Наказывал ее отец жестоко, как принято в казачьих семьях. Случалось, попадало ей ни за что.
Например, перебирает Катена пшено, а батяня тут как тут — подкрадывается. Думает, что раз притихла, то опять бумагу дочка марает. Стеганет ее радостно, пшено на землю. Слезы, ругань, тут и старуха бежит с колотушкой… Беда с этими писателями.
Михаил Хуторной был мужик башковитый, кроме того, кое-какого сыскного опыта набрался в революционной Москве. Поэтому тайным агентом своим назначил младшенькую дочку Дашутку, любимицу. Теперь проколов у него не случалось. Коли Дашутка сказала, что бумагомарака опять принялась за свое, значит, бей не глядя.
Катена была девкой здоровой, вся в мать, постоять за себя могла бы, особенно против инвалида первой русской революции, который дышал одним легким. Но сочинительство ее заметно ослабило, смягчило. Где бы размахнуться да кулаком наподдать, она все больше задумчиво созерцала. Поэтому была регулярно бита, но творить стихи не переставала.
Однажды Михаилу Александровичу пришла в голову мысль: если Катена действительно пишет что-то стоящее, может, ей в газетах платить еще будут? Говорят, эти щелкоперы приличные деньги имеют. А Катена и работает по хозяйству, и сочиняет одновременно. Но для начала сводил ее к хорунжему, который казачьих детишек в станичной школе грамоте и счету учил. Степан Рудых — мужик образованный, говорит долго и непонятно, даже по-японски здороваться умеет, а по-английски прощаться. Пусть он сначала почитает опытным глазом, а то как бы на весь мир не опозориться.
Хорунжий Рудых взял тогда на выбор один листок, подгоревший с одного бока, но спасенный все-таки Катеной из огня и стал читать вслух:
Степь моя ковыльная,
Я сама кобыльная.
А душа все плачет,
Кто ж на мне поскачет?..
Степан крякнул, словно водки хватанул вместо воды, но дальше стал читать про себя. Катенины стихи его заметно взволновали. Он прочитал их все, некоторые даже перечитал. Потом попросил жену подать кваску холодненького. Пока та ходила, смотрел просвещенным взором на Катену. Перед тем, как высказаться, долго пил из глиняной кринки. Вспомнил, наконец, о Михаиле Хуторном, который ждал его приговора:
— Я тебе, Михаиле, скажу по дружбе нашей откровенно. Стихи Катенины, конечно, сыроваты, но не лишены, так сказать… Да, соль в них есть. А в стихах, поскольку судить могу в этом вопросе достаточно вполне, это главное. Но нет еще изящества образов и в рифме, я бы сказал, нет легкости окончаний. Вот вспомним классический пример. «Кавказ подо мною…» В смысле, это Пушкин написал. Так вот. Есть чему поучиться у Пушкина. Не грех, значит, поучиться. Так что сразу отсылать такие произведения в газету не полагается. Скандал, разумею, может случиться. Потому, Михаиле, по дружбе нашей старинной могу за это дело… — тут Степан посмотрел на монументальную Катенину грудь, — за дело, стало быть, взяться. Стихи я очень уважаю, разбираюсь в этом деле, как в кобылах. Смогу девке помочь…
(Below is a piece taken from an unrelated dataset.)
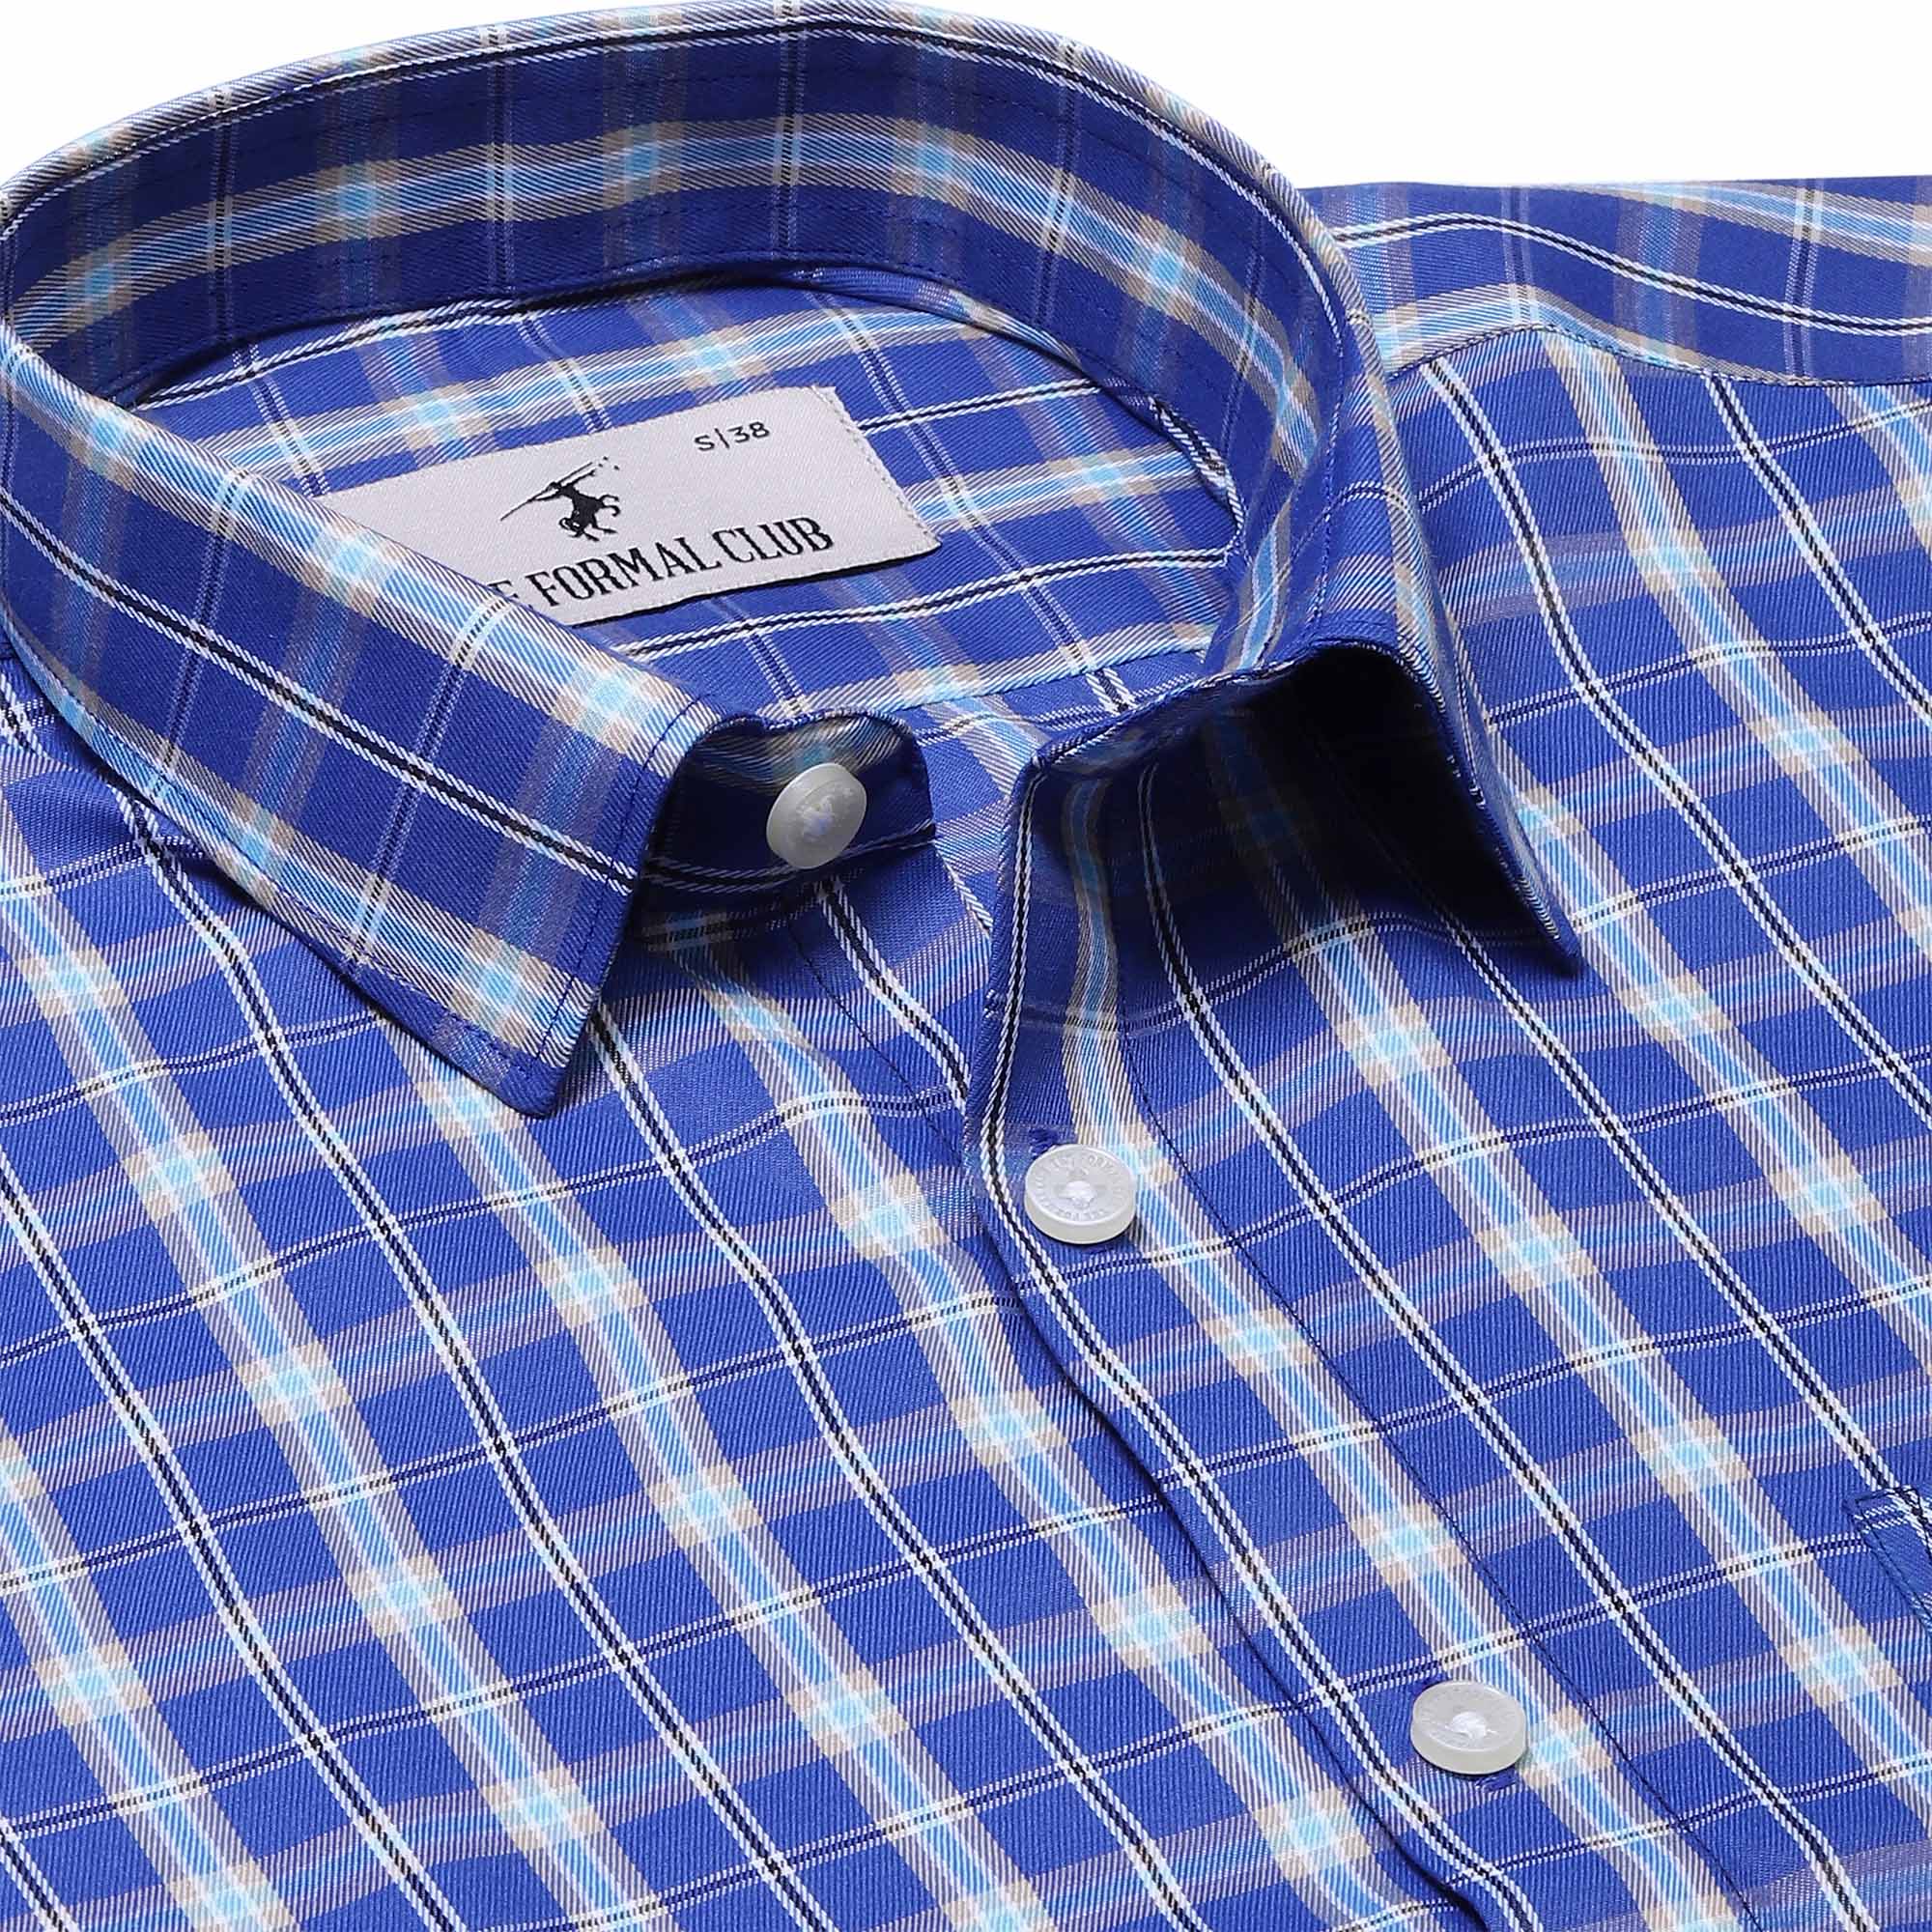 Vento Twill Check Shirt in Blue - The Formal Club

По воскресным дням Катена стала захаживать к хорунжему для постановки изящного стихосложения. Как известно, для пения требуется развитие грудной клетки, для танцев — ног, а какой орган собирался развивать ученице Степан Рудых увидела случайно зашедшая в горницу жена хорунжего. Одной рукой преподаватель гладил Катену пониже спины, другой же одновременно орудовал под ее расстегнутой кофточкой. Так и осталось неясным, насколько действенной была методика хорунжего, потому что после того знаменитого скандала в его доме, с битьем посуды и разрыванием одежды, уроки стихосложения прекратились.
Теперь Михаил Хуторной окончательно понял, что стихи — дело в высшей степени греховное и девушке решительно противопоказанное. И еще он вспомнил, как в Москве после посещения одного общественного заведения мучительно страдал и долго лечился. Так вот девка Манька, через которую он наказание это принял, тоже ему стишки читала. Значит, от стихов этих одна зараза.
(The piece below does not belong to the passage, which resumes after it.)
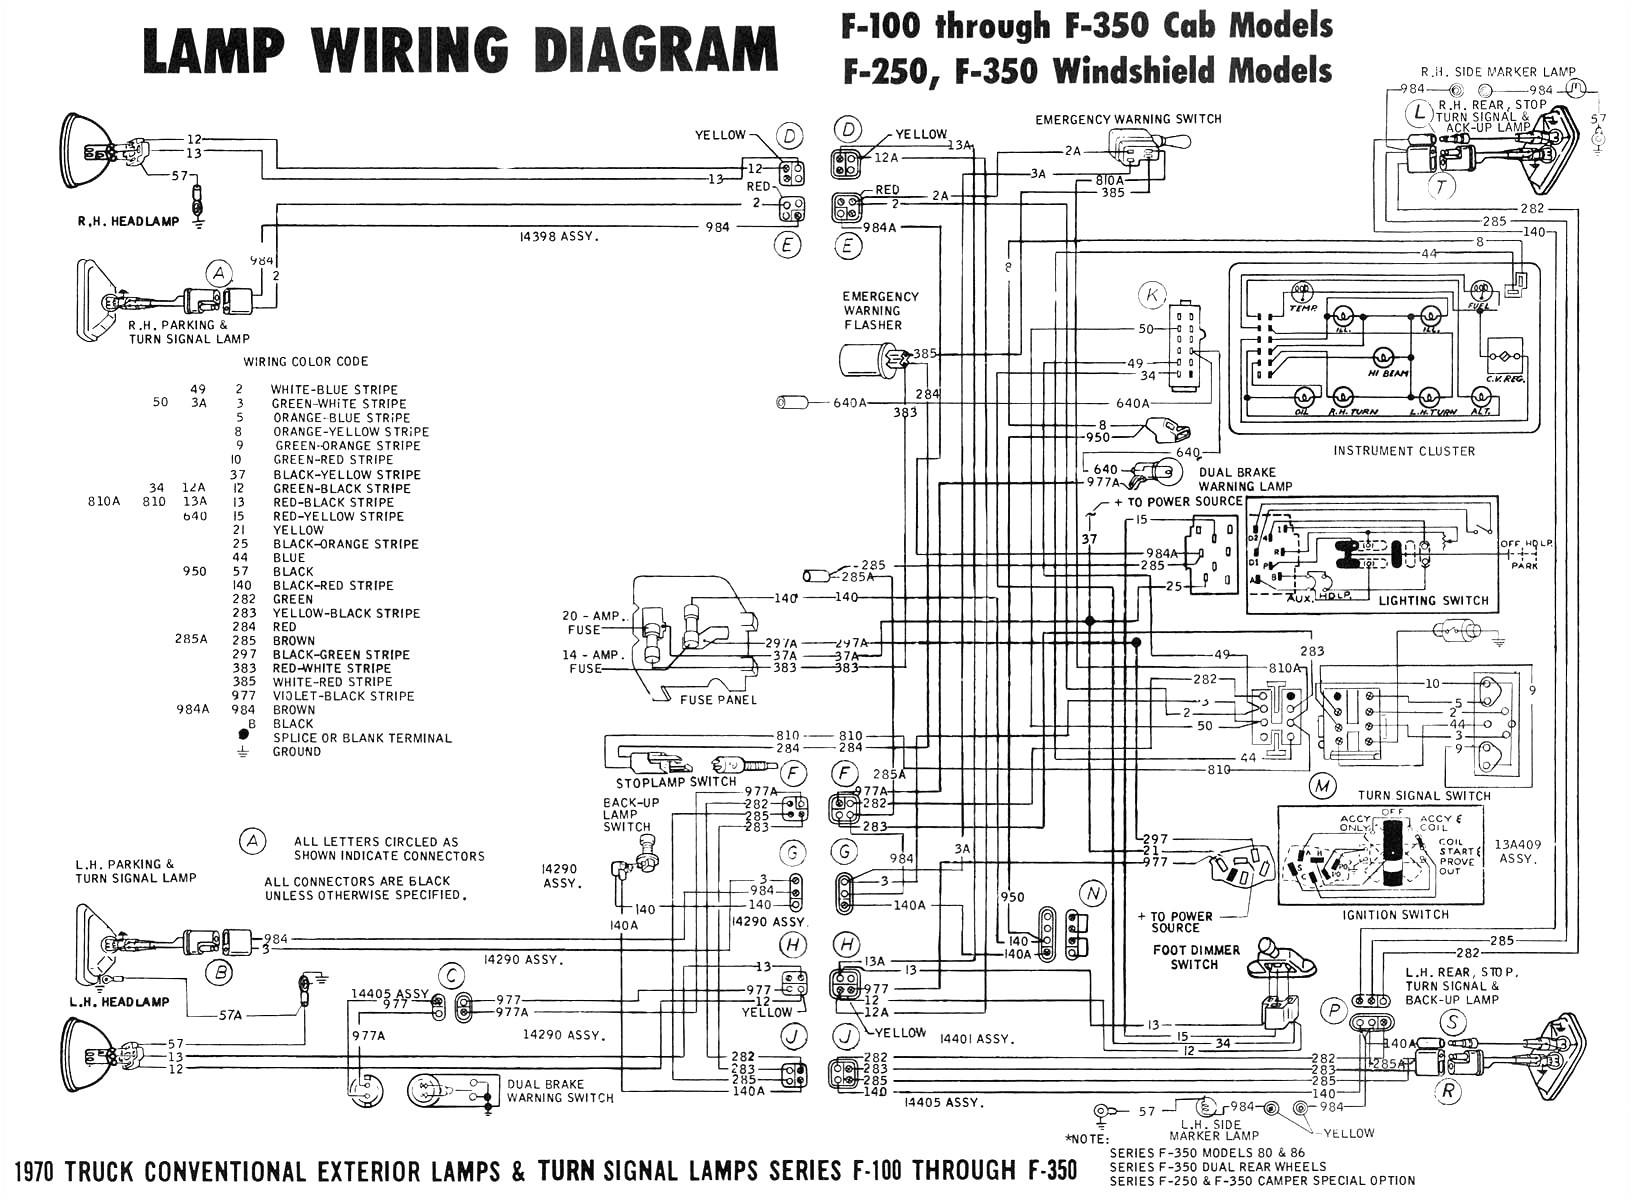 05 ford e 250 trailer wiring wiring diagram used 05 ford e 250 trailer wiring

К лету Михаил Александрович почувствовал себя значительно лучше, легкое заживало. Брали свое казачья порода и терская природа. Поэтому и Катене доставалось теперь больше прежнего. То и дело слышался писклявый голосок Дашутки на одной долгой комариной ноте:
— Папаня, Катена опять сидит и пишет на бумажке, и губы вот так делает, а глазами страшно таращит… Бумага-марака…Бумага-марака…
В пятницу позвонил Алекс. Тот самый, с которым она познакомилась на премьере. Она ждала его звонка. Но к этому времени ждать уже перестала. Услышав его вкрадчивый голос, разволновалась. Отвечала односложно. На вопрос: «Ты все такая же обворожительная?» послушно смеялась, потому что не знала, как лучше ответить. Сказать: «Все такая же» — а вдруг он разочаруется, когда ее увидит, все-таки тогда она была в черном платье? Сказать: «Нет. Уже не такая», — тогда он не захочет с ней встречаться.
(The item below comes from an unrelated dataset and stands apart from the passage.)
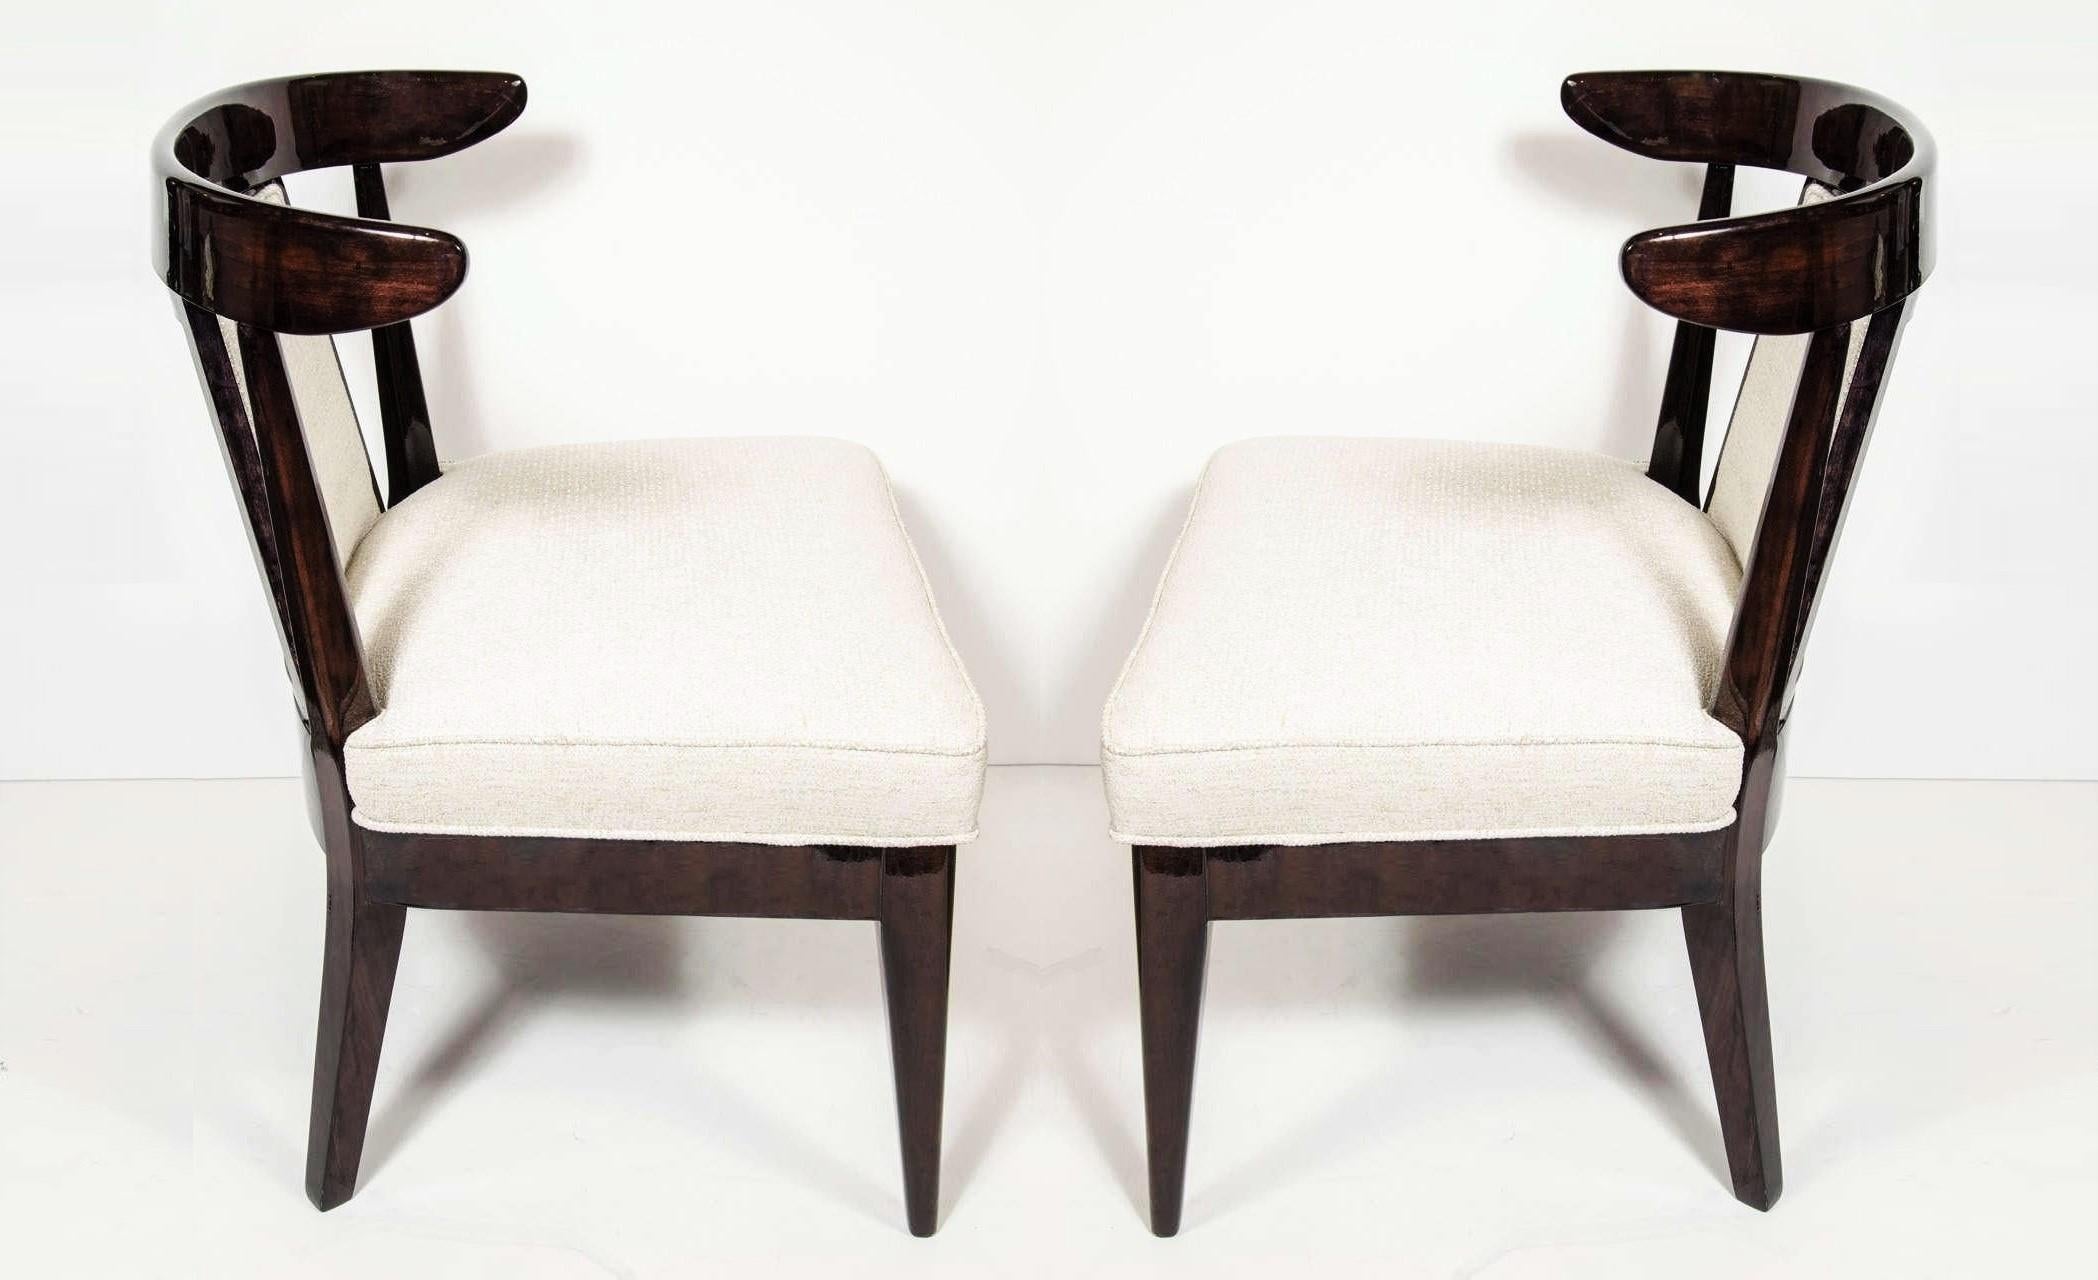 These very sophisticated pair of low profile chairs are a perfect blend of Hollywood Glam and Mid-Century Modern design. Featuring ebonized walnut klismos form frames with upholstered splat backs and seats that rise above tapered legs. Beautifully

Будь он ее ровесник, она бы говорила с ним совершенно иначе. Ровесников она ни во что не ставила. Издевалась, как хотела. А Алекс был взрослый. И это как-то ужасно на нее действовало. Иногда ей казалось, что именно об этом она и мечтала. Но вместе с волнением от его звонка где-то в глубине души поднималось нечто вроде протеста. Какое-то противное чувство раздражения.
О встрече договорились на воскресенье в полдень. Странное время для свидания. Тогда, когда они познакомились, был приглушенный свет. Атмосфера соответствовала. А что будет в полдень посреди улицы?
Тогда она выглядела по-королевски. А сейчас, как ей казалось, явно сдала. Учеба. Творческие мучения. Правильная новая жизнь, от которой уже явственно проступали темные круги под глазами. Веки, припухшие от ночных стенаний в подушку.
В воскресенье родителей дома не было. Они еще в субботу укатили на дачу со всей съемочной группой для торжественного расставания. «Вот что в кино ужасно, — часто говорил отец, — что всегда приходится прощаться с хорошими людьми. Работаешь, работаешь. А потом расстаешься с ними навсегда. И судьба больше не сводит».
С Алексом договорились встретиться возле церквушки рядом с домом на улице Неждановой. Мила как-то нервничала. Не понимала сама почему. Он не нравился ей так, как должен нравиться мужчина.
Он просто был ей нужен.
Ее уже окончательно доконала эта непринадлежность никому. Женская сущность рвалась наружу. Хотелось жить в любви. И даже это чувство в душе уже было свито, как свивают птицы гнездо для еще только планирующихся птенцов. Все в ее душе уже было сделано под ключ. Вот только ключа ни у кого пока что не находилось.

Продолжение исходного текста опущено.